同じように、ステージ上の視覚性を語る上でも、顕著な特徴が見られる。実際、ライブで見ると、スカという音楽は楽しく、面白い。

 

編成の多さのためか、小劇団パフォーマーのような印象を与え、舞台的な演出の雰囲気のユニークさも感じられる。観客は、この大編成バンドのステージでの躍動感のあるユニークさ、そして、エンターテインメント性の高い音楽に接すると、思わず、腕を突き出し、陽気に踊りだしたくなる衝動をおぼえるはずだ。

 

スカというジャンルの発祥は、六十年初頭のジャマイカに求められる。その後、スカのムーブメントは、リバイバルとしてロンドンで再燃する。

 

これは、元々、カリプソの後に登場したジャマイカのオーセンティック・スカがイギリスで新鮮な息吹を与えたのと同じだ。

 

第二次世界大戦後、ジャマイカから英国に渡った移民がもたらした文化芸術が、英国の白人の奏でるパンクロックと邂逅を果たし、新たな「スカ・パンク」というジャンルが誕生したといえる。また、スカいうジャンルは、白人と黒人が人種の垣根を越え、音楽で人々が「一体」となるのに大きな貢献を果たした。

 

音楽的な軽快さとは裏腹に、歴史的に大きな意味を持つ。つまり、”人と人とを繋げる音楽”なのである。

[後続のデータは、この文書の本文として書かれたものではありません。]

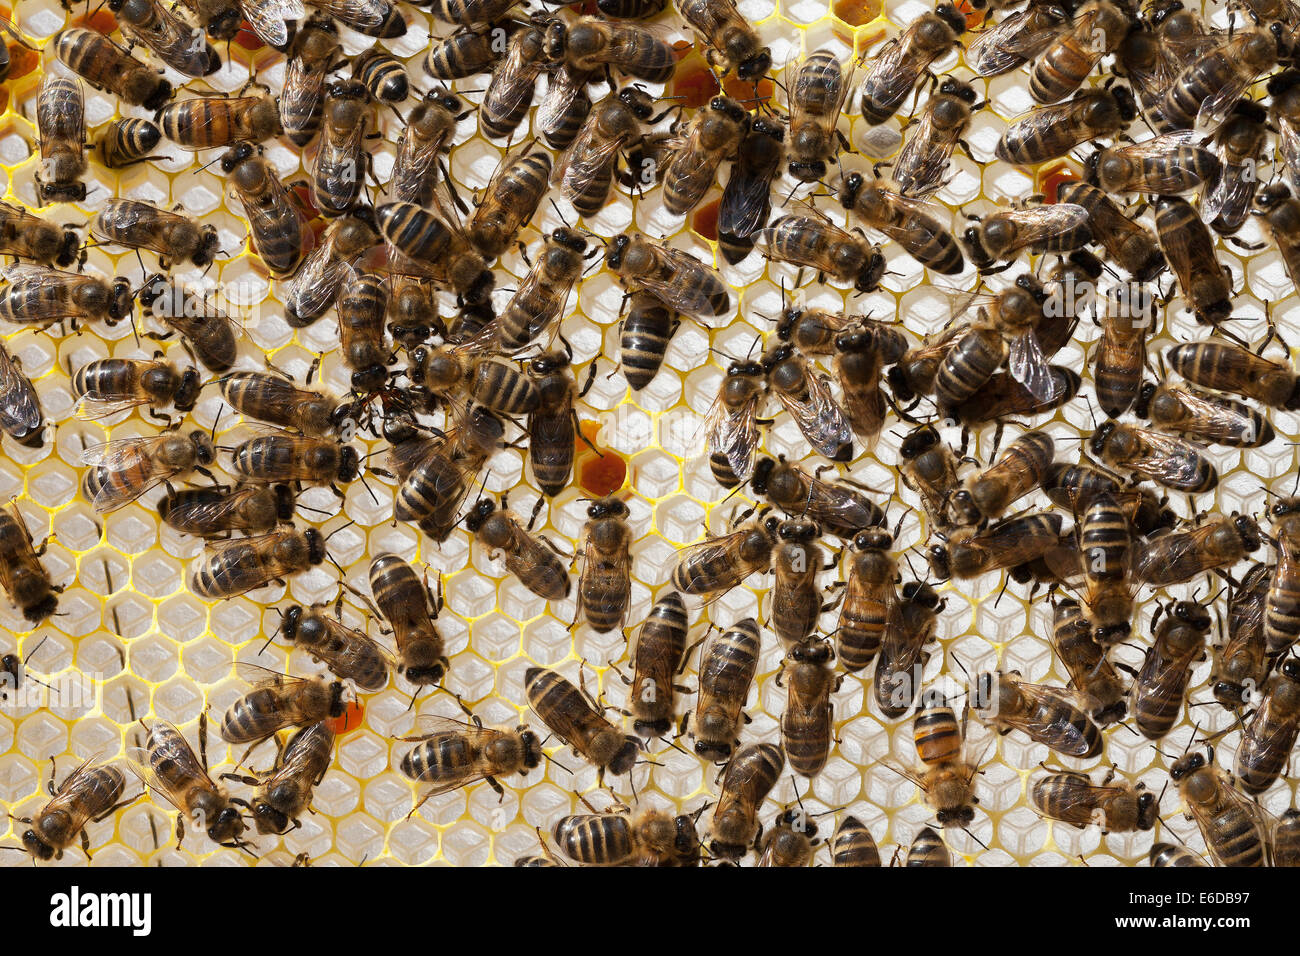 Les ouvrières du miel anglais dans un tout nouveau bâtiment de la ruche miel avec du pollen orange étant inséré au hasard à travers les cellules. UK Banque D'Images

ロンドンパンク・ムーブメントの後、イギリスの「2トーン・レコード」に所属するバンドが中心となって、70年代以降のスカ・リバイバル・ムーブメントを牽引していった。

  

 

その後、八十年代に入って他の国々へ、アメリカに続いて、九十年代に入ると、日本にも波及していき、東京スカパラダイス・オーケストラをはじめとする、往年のスカ・コアブームを形成していった。


今回、ここで、「Ska」というジャンルのブームを形作った2トーン・レコードのアーティストを中心に、スカという音楽に再度脚光を当てたい。

 

 

 

1.The Specials

 

 「The Specials」1979

 

 

 

この2TONEのレーベル設立者、ジェリー・ダマーズをバンドメンバーに擁するスペシャルズというバンドのデビュー作を差し置いて、リバイバルスカを語ることは許されない。メンバー全員がシックなスーツを揃って身に纏ったアルバム・ジャケットのモノトーンのかっこよさも失われていない。

 

初期パンクのムーブメントの最中に登場したというのも、彼等スペシャルズの存在を華やかたらしめている。

 

もちろん、彼等は、センセーショナルな印象にとどまらない実力派のロックバンド。後のスカというバンドの音楽性を決定づけ、ファッション性にも大きな影響を後進に与えたバンドであり、2トーンというレーベルを代表するバンド。 

 

1stトラック「A message to Rudy」のまったりしていて味のあるリズムが無性に癖になる。クラッシュのロンドン・コーリングの楽曲を彷彿とさせるフレッシュな名曲。

 

「(Drawing of a )New Era」の瑞々しさについては説明不要。ザ・スペシャルズという唯一無二の鮮烈なニュースターの登場をロックファンに告げ知らせることに成功し、Skaというジャンルの台頭を世間的に高らかに宣言した名曲。 

 

このスペシャルズの黒人と白人の混成のバンド編成というのも先鋭的。当時としてはかなり驚きをもたらした。  

 

また、他のスカバンドにはない生きの良いフレッシュな勢いがある。そして、音楽性のバックグラウンドの広さというのも、スペシャルズの魅力だ。オーセンティック・スカから、Oiパンク、そして、セックス・ピストルズ、ザ・クラッシュを彷彿とさせるオールド・スクールパンクに至るまで、70年代当時のイギリスの熱狂の雰囲気を余すところなく体感できるスカ音楽の歴史資料的な一枚!! 

 

 

 

 

 2.Madness

 

「One Step Beyond」1979

 



 

マッドネスもまた2トーンのバンド。今回、イギリスのスカバンドとしては白人のみの四人組というのはむしろ珍しいという印象を受ける。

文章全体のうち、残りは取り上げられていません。